Under the final amendments, relief for delinquent participant contributions and delinquent plan loan repayments is available in connection with any pension plan regardless of size or amount of plan assets, so long as the applicant is eligible for the VFCP and meets the required conditions. While self-correctors that satisfy the terms and conditions of the VFCP do not receive a no-action letter, they will avoid the imposition of civil monetary penalties or a civil enforcement action. Some important requirements of the new SCC are as follows:

  • The amount of lost earnings on the delinquent participant contributions or loan repayments must be $1,000 or less.
  • The delinquent participant contributions or loan repayments must have been remitted to the plan within 180 days from the date of withholding from participants' paychecks or receipt by the employer.
  • An electronically filed SCC notice is required, in place of the generally applicable paper application requirements, which includes specific data element requirements as well as a SCC Retention Record Checklist.

KMK Comment: The DOL opted not to include a limit on the frequency with which a self-corrector may use the SCC. However, the DOL stated that it intends to monitor participation for frequent use and it may communicate with repeat users or open investigations to identify and correct systemic issues. Plan administrators should work with legal counsel and service providers to promptly identify and late contributions and loan repayments, and explore whether the new SCC provides an avenue for relief.

J&J Holds On as Plaintiffs' Standing Falls

As reported in the February 2024 Monthly Minute, almost a year ago a proposed class action out of New Jersey sought to hold J&J plan fiduciaries accountable for inflated drug pricing. In the Lewandowski v. Johnson & Johnson case, plaintiff alleged that the mismanagement of her plan's prescription drug benefits amounted to a breach of fiduciary duty and cost ERISA plans and employees millions of dollars. In support of her case, plaintiff cited jarring examples of the inflated cost of prescription drugs under the plan. In response, defendants claimed that plaintiff failed to allege she was improperly denied benefits under the plan – rather, she simply claimed that drug prices were too expensive.

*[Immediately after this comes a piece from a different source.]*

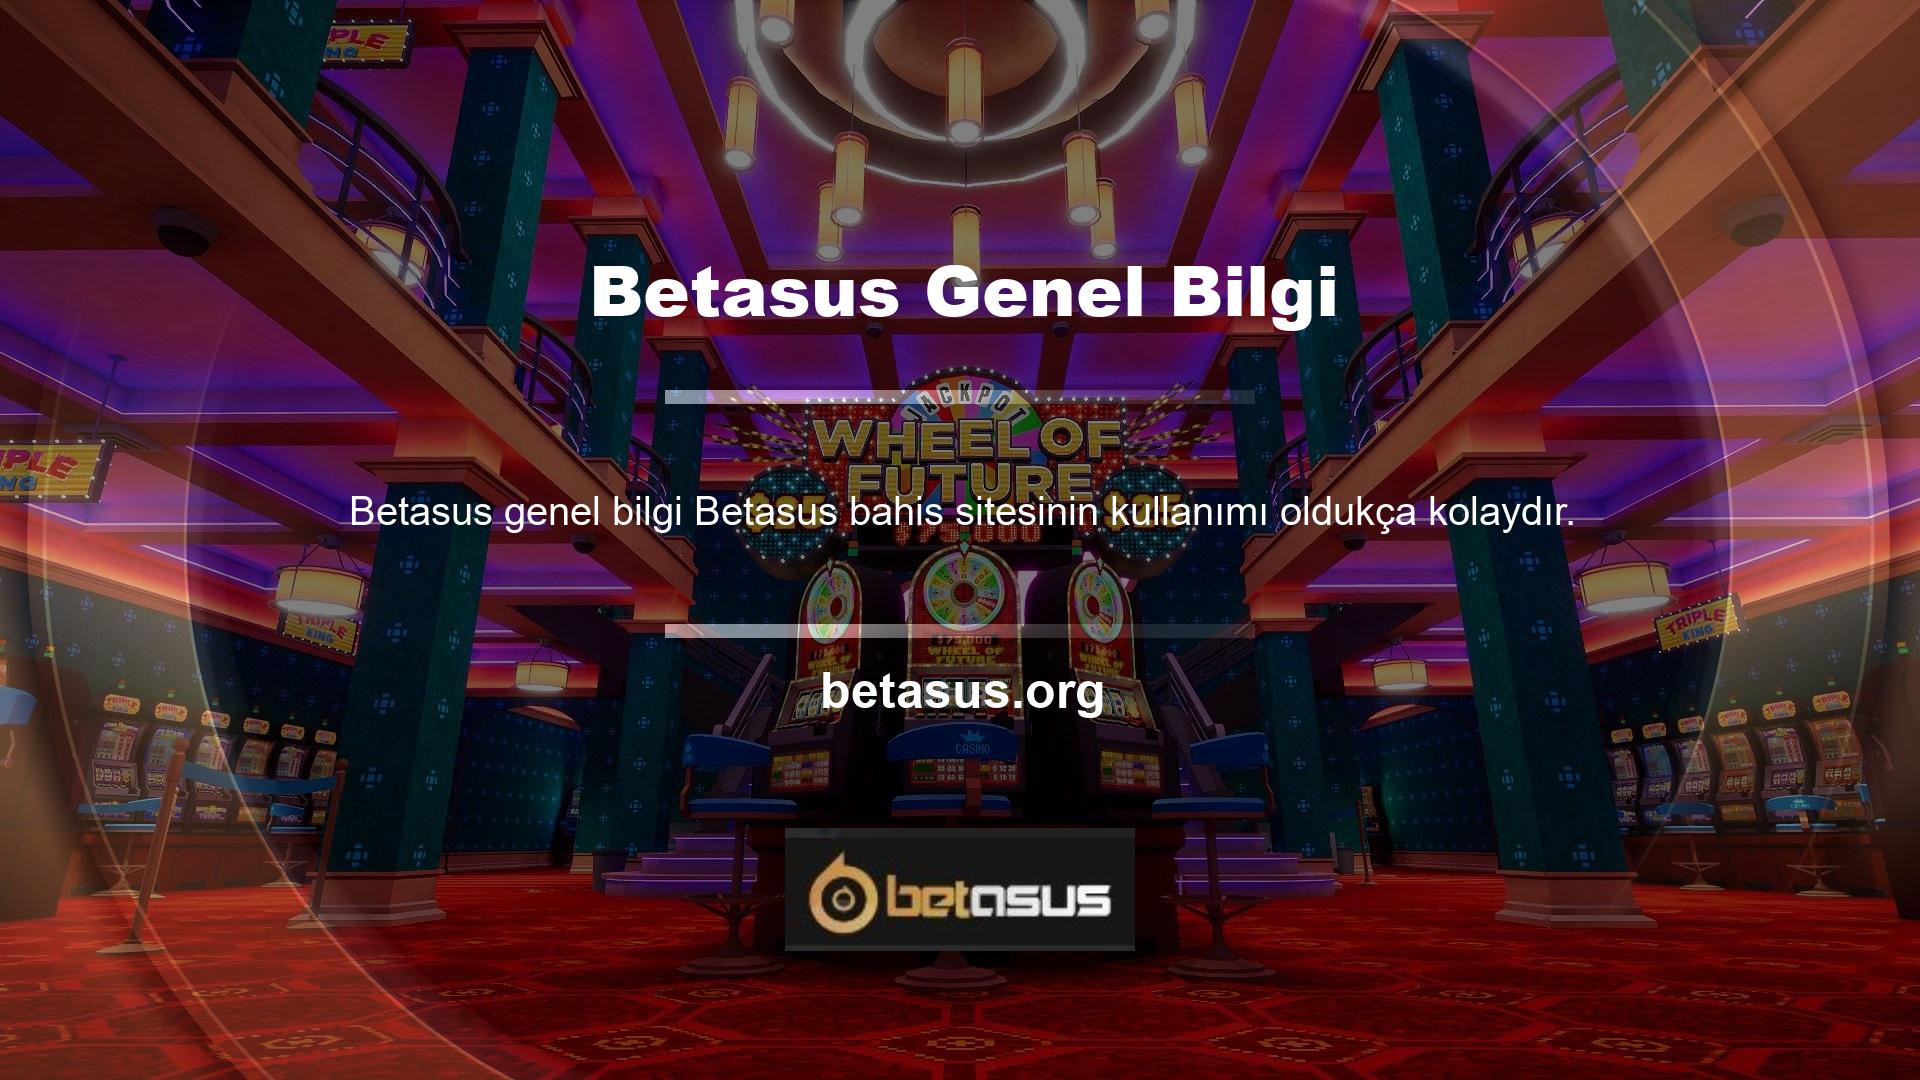 Web sitesinde birçok hizmeti aynı anda sunan Betasus sadece üye olarak yararlanabilirsiniz

Last week, the New Jersey court ruled that the named plaintiff lacked standing to sue. The court found that her allegations of harm flowing from higher prescription drug cost-sharing and lower wages were speculative and hypothetical. Additionally, the court found that her alleged injury was not redressable by the court because she had reached her prescription drug out-of-pocket cap, and any amount refunded by the court would be forwarded to the plan and applied to money it spent on other drugs after she hit her OOP that same year. However, the court did allow one remaining allegation -- regarding defendants failure to produce documents within 30 days as required under ERISA -- to survive.

KMK Comment: The J&J case was not alone in seeking to hold plan fiduciaries accountable for prescription drug spending, and the outcome of this suit may be a harbinger of things to come. Nevertheless, plan sponsors should continue to educate themselves as to their prescription drug plan pricing and network, carefully review contracts with counsel, and advocate for the best interests of plan participants and beneficiaries.

The content of this article is intended to provide a general guide to the subject matter. Specialist advice should be sought about your specific circumstances.